Revision as of 02:03, 21 May 2007

Contents

Bye Bye Birdie

The first Spring Musical for MCHS, Bye Bye Birdie was performed in March of 2003. Middle Creek had just opened up the previous fall, so the student population was very long on enthusiasm, but short on experience. Matt Scialdone had stepped into the breech to teach technical theater while the program was getting started. People were disappointed - the first MCHS show was supposed to be Grease, but unexpectly, a touring production of the show was coming through town, which prevented Middle Creek from getting a performance license. Bye Bye Birdie was put forward as a substitute. Although the Baby Boomers easily remembered the movie with Ann Margaret, the show was not familiar to most Middle Creek students. It took a while, but people eventually warmed to the show.

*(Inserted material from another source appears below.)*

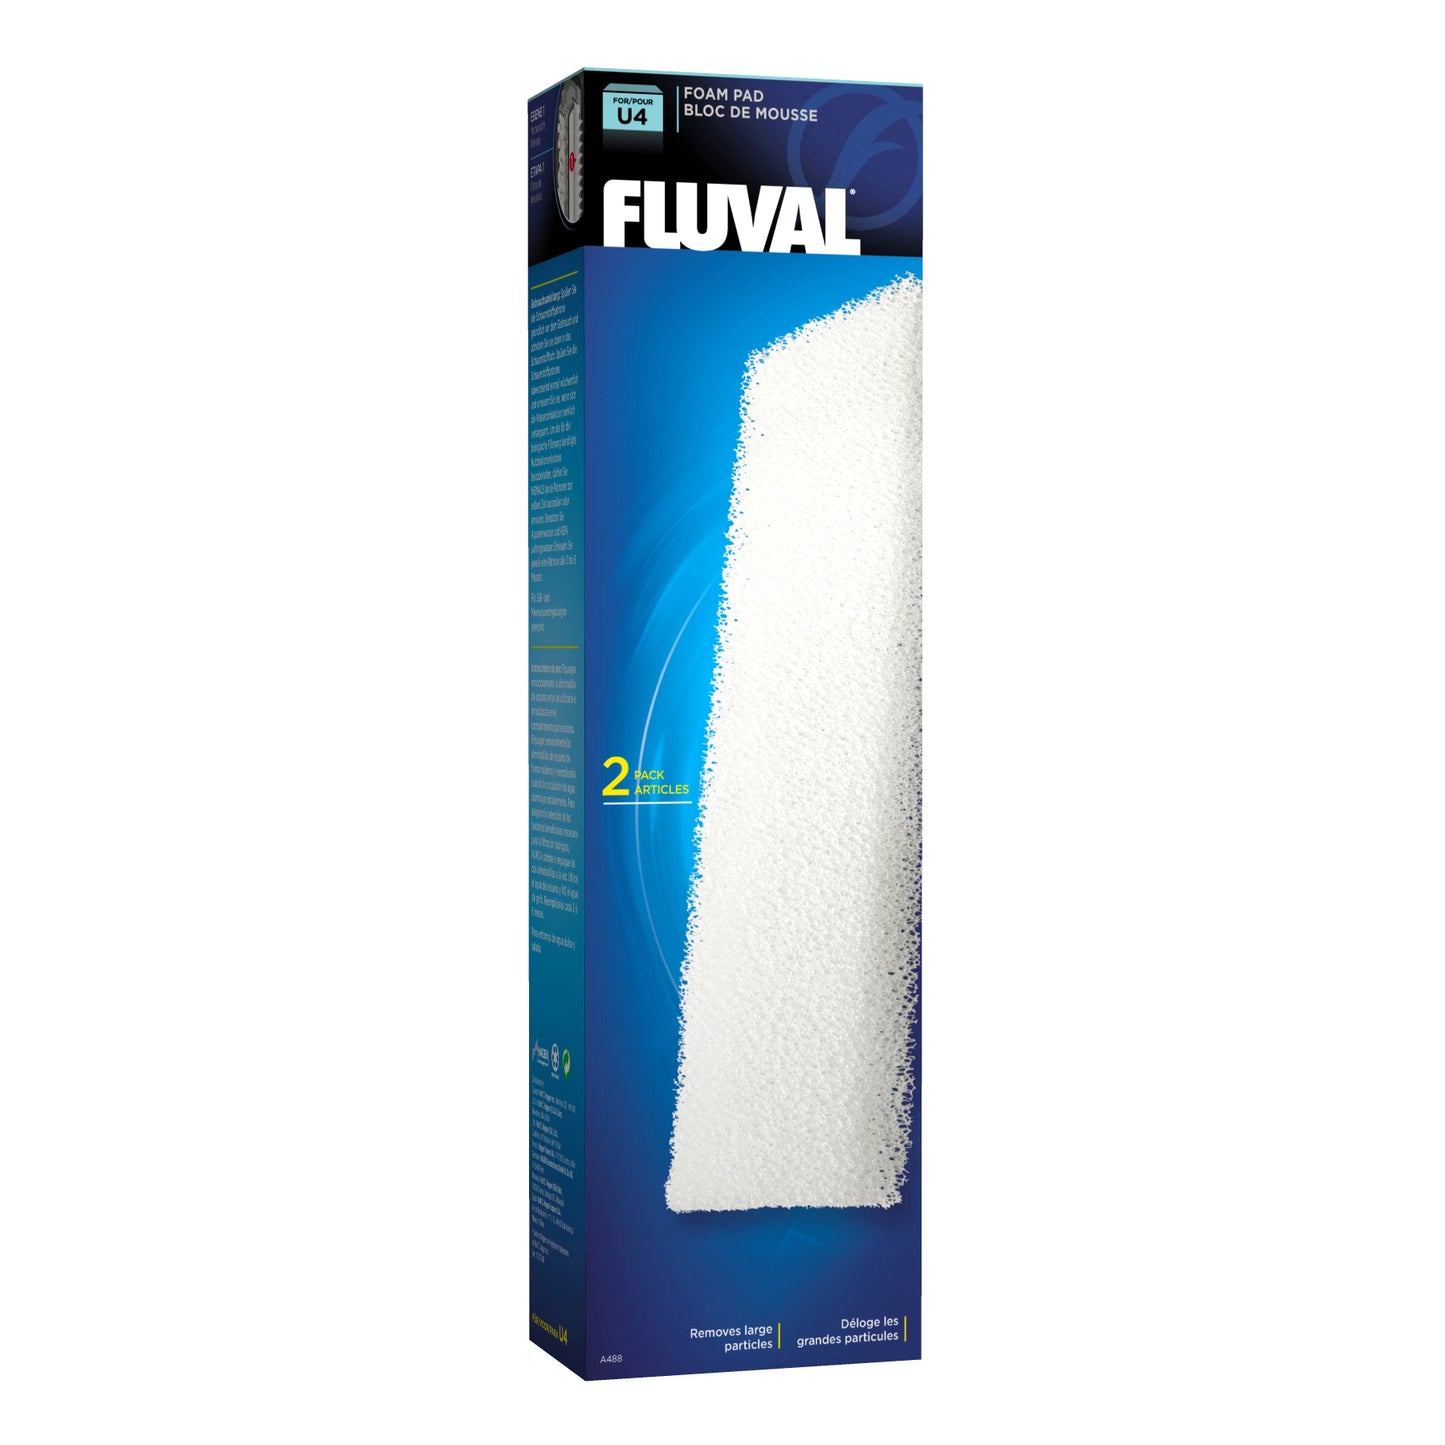 Fluval in U1/U2/U3/U4 in Foam Pad

Established theater departments have stack of stock platforms, costumes, and reusable materials to pull from. We had nothing, and the team was not yet experienced enough to be handed a sketch and the instructions "Go make me one of these". But everyone stepped up. Theresa Crawford assembled a 'Costume Army' of dedicated adults who scrounged and sewed all of the costumes. The few set pieces went together slowly.

In parellel to the technical efforts, the actors were being introduced to the discipline of being in a high end high school productions. Mike Gilliam had enlisted the services of Elizabeth Grimes-Droessler, who worked the dancers very hard and brought out talent that some didn't know they had. Mr. Gilliam knew what he wanted out of the actors and didn't let up until he had gotten it. He also instilled important lessons like being still and quiet backstage, which Middle Creek actors have passed on down to successive generation.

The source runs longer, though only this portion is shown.